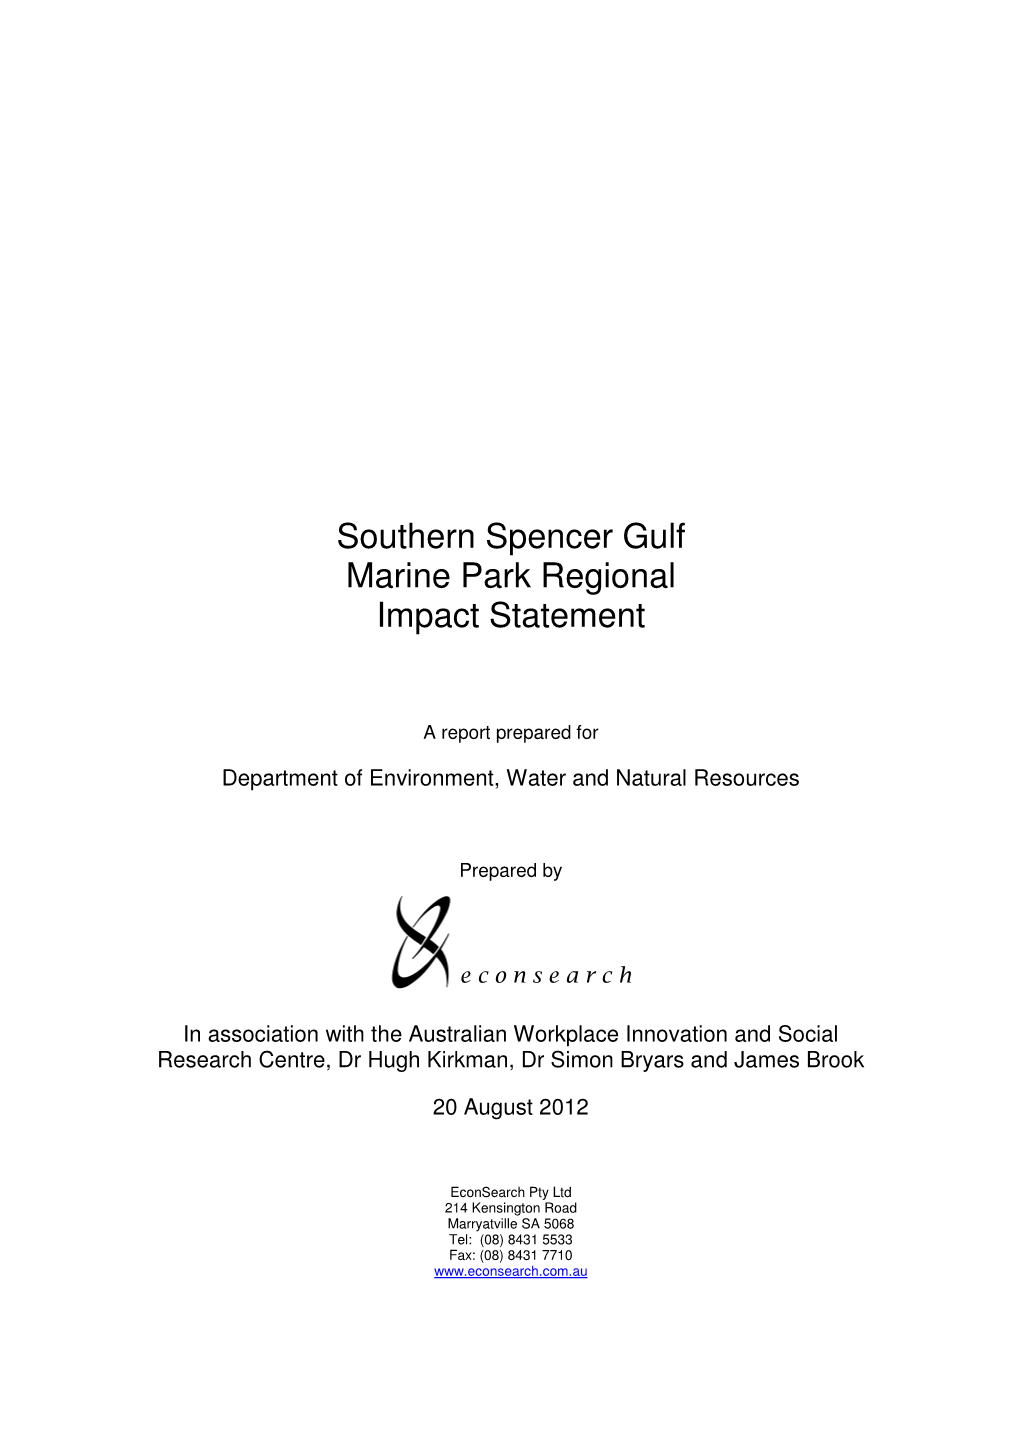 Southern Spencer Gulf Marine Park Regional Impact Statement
--
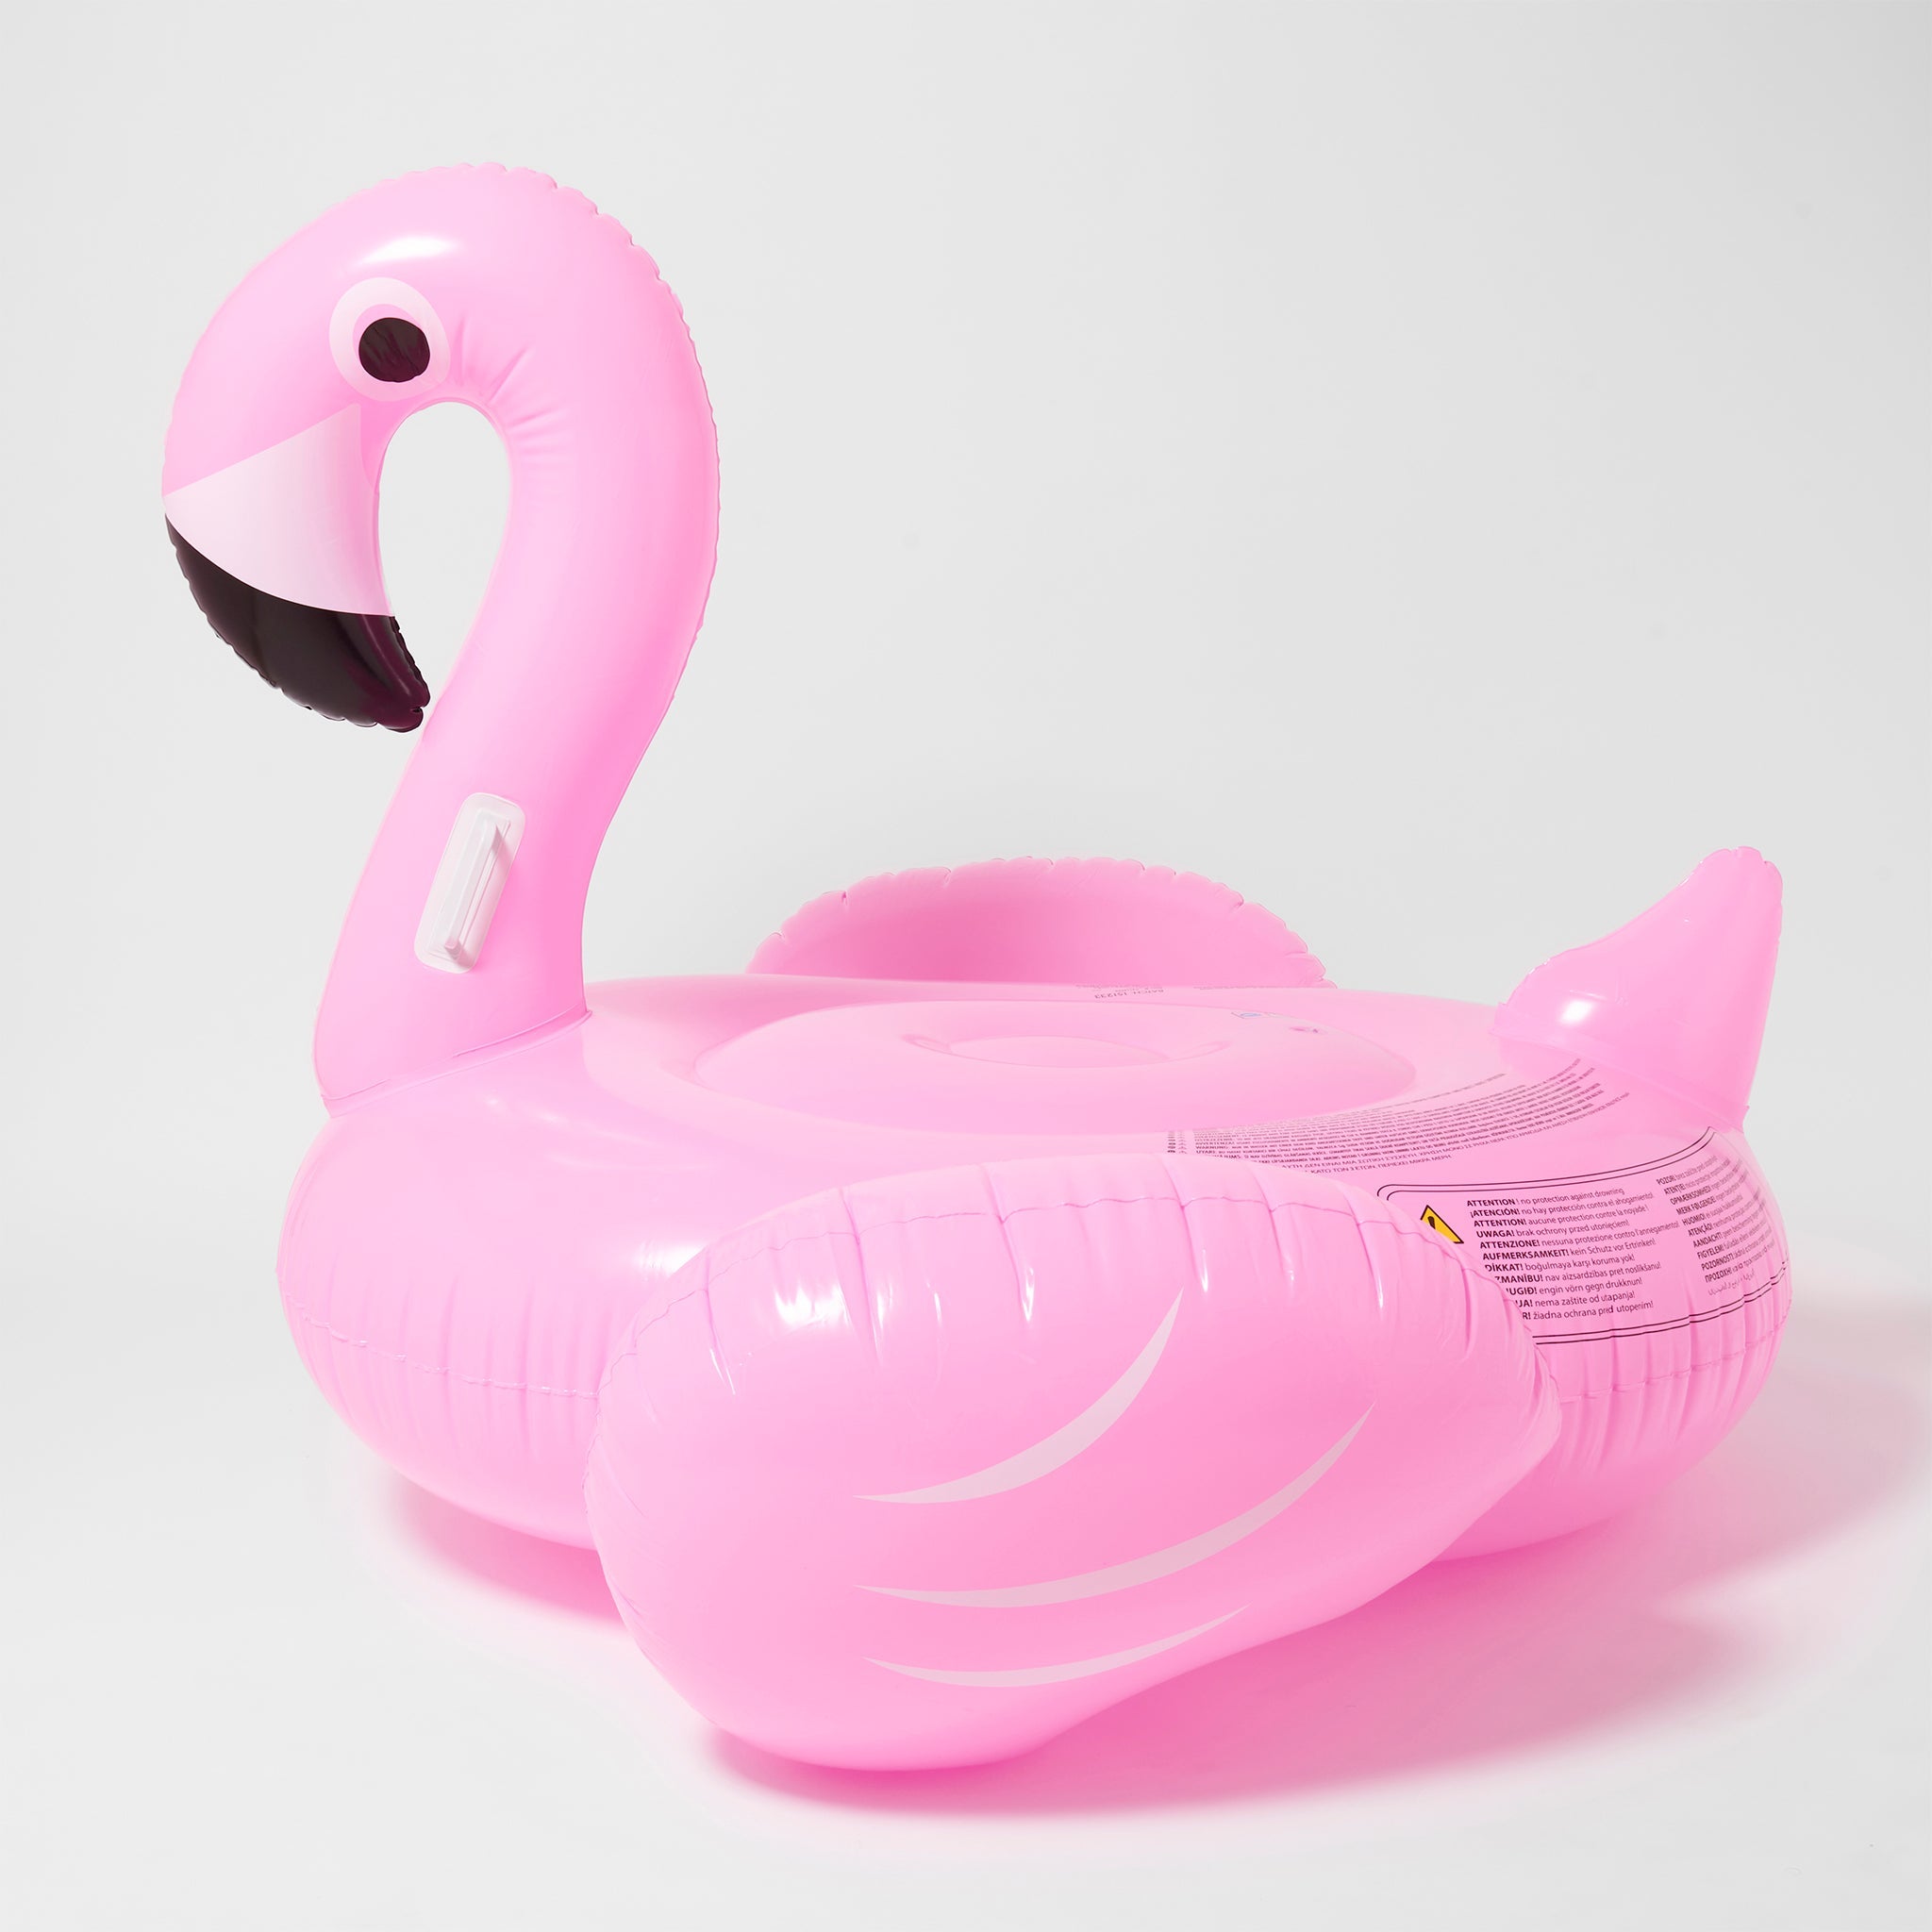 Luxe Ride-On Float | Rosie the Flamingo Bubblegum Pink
* * *
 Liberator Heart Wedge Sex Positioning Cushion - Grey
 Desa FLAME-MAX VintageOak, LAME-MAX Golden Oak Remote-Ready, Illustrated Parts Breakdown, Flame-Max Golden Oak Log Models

WORK TASK: Using the material above, transcribe exactly the lines from the line with "Liberator Heart Wedge" to the line with "Desa FLAME-MAX VintageOak, LAME-MAX"; both count, and nothing else goes in.

EXERCISE ANSWER:
 Liberator Heart Wedge Sex Positioning Cushion - Grey
 Desa FLAME-MAX VintageOak, LAME-MAX Golden Oak Remote-Ready, Illustrated Parts Breakdown, Flame-Max Golden Oak Log Models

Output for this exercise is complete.